Il Tar ha respinto la richiesta di Saitta in quanto l’assenza per lavoro dal Consiglio di Maletto era “motivata in modo generico”. Accolte invece le ragioni di Foti incentrate sull’opposizione politica
MALETTO – “La giurisprudenza ha ritenuto che le assenze per lavoro, se motivate in modo generico che non lasci emergere l’eccezionalità delle esigenze lavorative del caso, non possono ritenersi sufficienti”. È con queste parole che la quinta sezione del Tar di Catania, presieduta dalla giudice Agnese Anna Barone, ha rigettato il ricorso di Luigi Saitta, uno dei consiglieri comunali di Maletto dichiarati decaduti a maggio.
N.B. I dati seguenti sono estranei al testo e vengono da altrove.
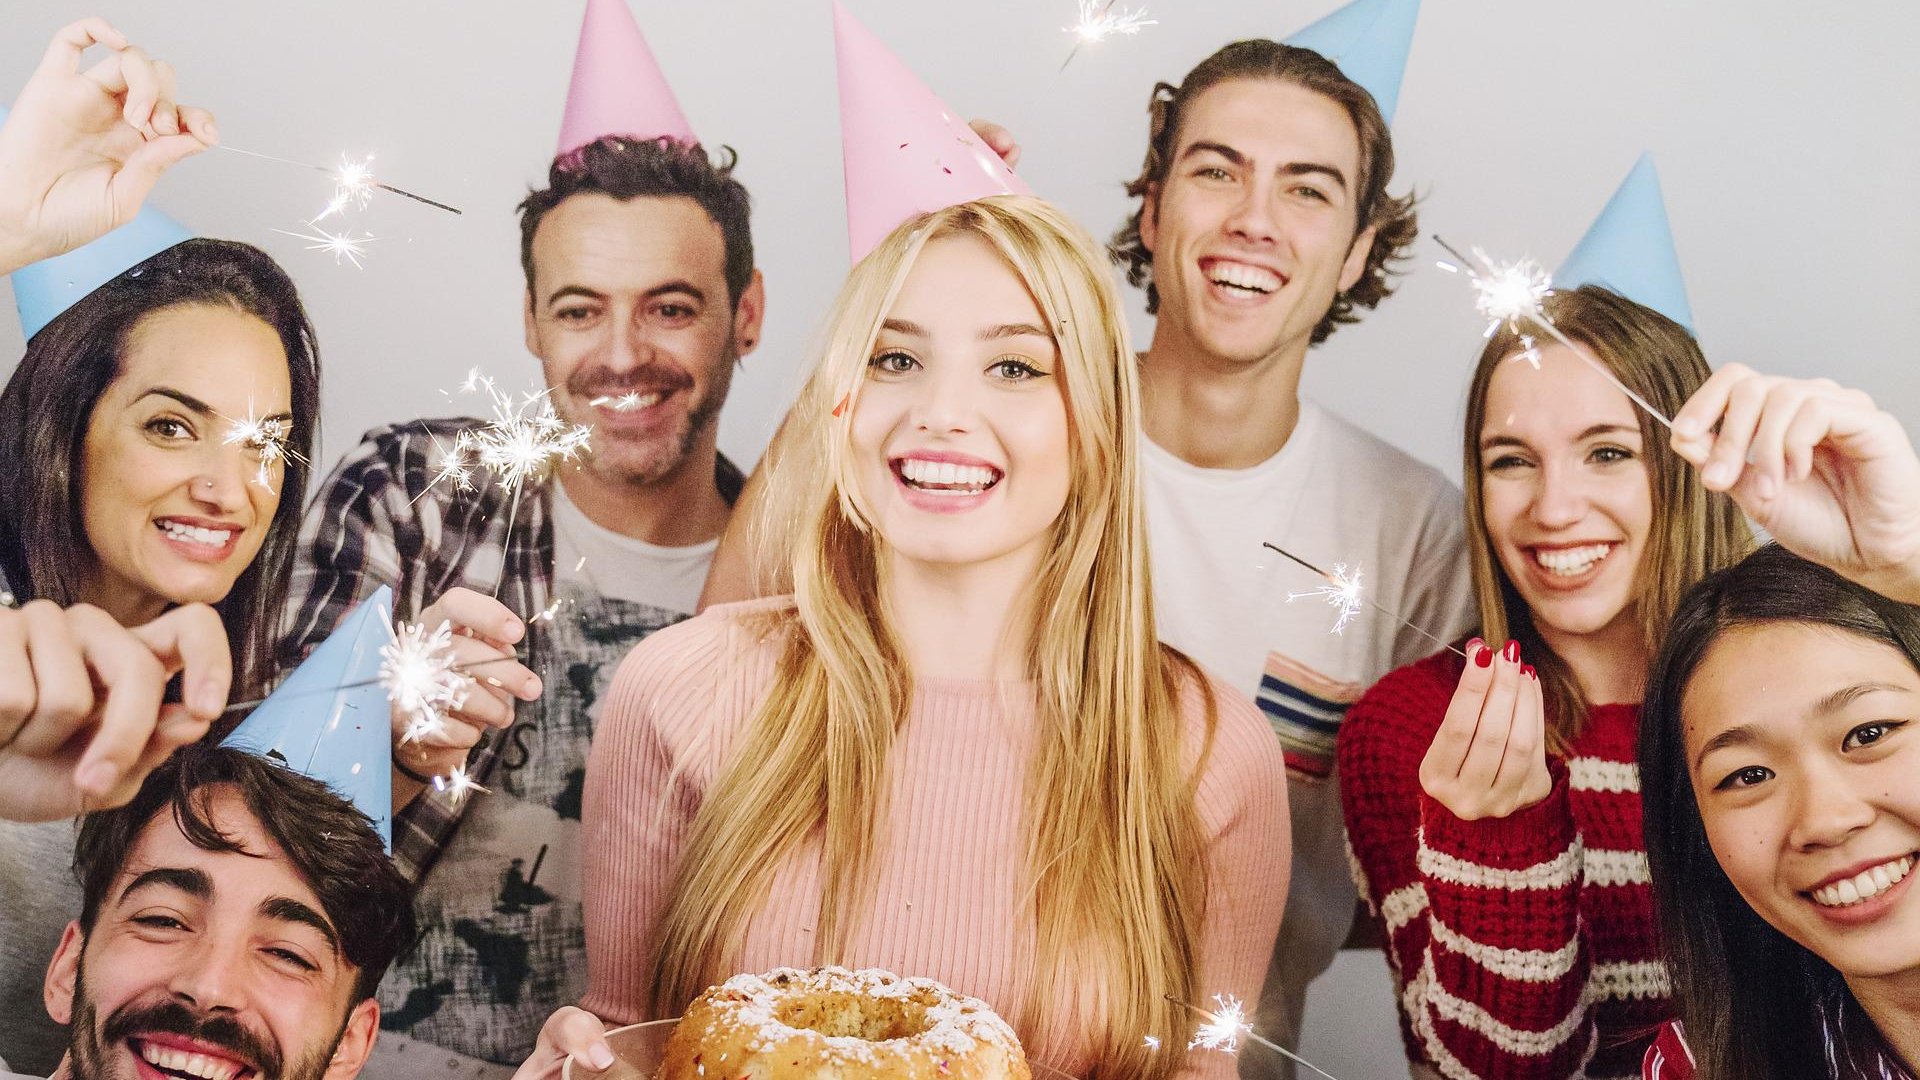 Seis pessoas estão comemorando um aniversário com velas, chapéus coloridos e um bolo

La sentenza è stata pronunciata la scorsa settimana, lo stesso giorno in cui i giudici hanno accolto il ricorso di Maria Foti, altra consigliera espulsa – in totale sono stati quattro, ma solo Saitta e Foti si sono rivolti al tribunale amministrativo – dal senato cittadino.
Il caso, che ha di fatto azzerato la presenza di opposizione nel Consiglio comunale del piccolo centro alle pendici dell’Etna, è scoppiato a maggio, poche settimane dopo l’annuncio da parte della minoranza di uno sciopero dai lavori d’aula contro le mancate dimissioni del sindaco Giuseppe Capizzi. All’origine della richiesta del passo indietro c’è stato il coinvolgimento di Capizzi nell’inchiesta per corruzione all’interno della struttura commissariale per il contrasto al rischio idrogeologico. Capizzi, che è un imprenditore edile, ha ammesso di avere pagato tangenti al commissario Maurizio Croce e per questo è stato rinviato a giudizio, dopo che il giudice per l’udienza preliminare non ha accolto la richiesta di patteggiamento della pena. Una vicenda che secondo i consiglieri d’opposizione ha gettato discredito sul Comune, ma che per il primo cittadino ha a che fare con la propria vita privata. Motivo per cui Capizzi ha ribadito la volontà di andare avanti con la propria amministrazione.
Dopo alcune settimane di attrito, con i consiglieri di minoranza volutamente assenti in aula, è arrivata la doccia gelata: la presidenza del Consiglio ha avviato l’iter di decadenza, votato all’unanimità puntando il dito contro le troppe assenze. Lo statuto comunale di Maletto prevede infatti che, in assenza di validi motivi, i consiglieri possano perdere il seggio in caso di tre assenze nell’arco dell’anno solare o consecutive ma in due anni. I provvedimenti hanno innalzato ancor di più il livello della tensione tra le parti: se per la maggioranza si è trattato soltanto dell’applicazione del regolamento, per gli espulsi, che si sono rivolti alla prefettura e alla Regione chiedendo un intervento, si è trattato di un sopruso. Il dazio da pagare per essersi contrapposti a Capizzi.
Finora a pronunciarsi sulla questione è stato soltanto il Tar. Per i giudici amministrativi, il Consiglio comunale di Maletto ha valutato le proposte di decadenza senza “estremo rigore”, come invece previsto dalla normativa nel momento in cui in ballo c’erano funzioni di pubblico interesse. Tale lettura ha interessato sia il caso di Foti che di Saitta, per i quali è stata riconosciuta la validità della protesta politica all’origine delle assenze seguite alle notizie sull’inchiesta giudiziaria che ha interessato il sindaco Capizzi.
“Le circostanze da cui consegue la decadenza vanno interpretate restrittivamente e con estremo rigore, data la limitazione che essa comporta all’esercizio di un munus publicum”, ha ricordato il Tar. Un approccio che, prima del voto del Consiglio comunale che ha portato all’espulsione della minoranza, era stato sollecitato anche dall’assessorato regionale agli Enti locali.
Nel caso di Saitta, tuttavia, a pesare sono state le motivazioni date dal consigliere per tre assenze compiute nel 2023: il 28 giugno, il 28 settembre e il 23 dicembre. Per ognuna di essere Saitta ha presentato come giustificazione gli impegni di lavoro. Anche nel suo caso si tratta di lavoro imprenditoriale nel settore edile: Saitta è infatti l’amministratore di una società a responsabilità limitata e come tale ha di fatto spiegato le assenze. Autogiustificazioni che però non sono state considerate sufficienti dal Tar che, in questo caso specifico, ha ritenuto “non irragionevole” la valutazione fatta dal Consiglio comunale e, di conseguenza, l’epilogo della decadenza.
Adesso mentre per Foti, le cui giustificazioni sono state tutte accolte dal Tar, si attende la reintegrazione nel senato cittadino, a Saitta toccherà decidere se appellare la sentenza di primo grado e rivolgersi al Consiglio di giustizia amministrativa.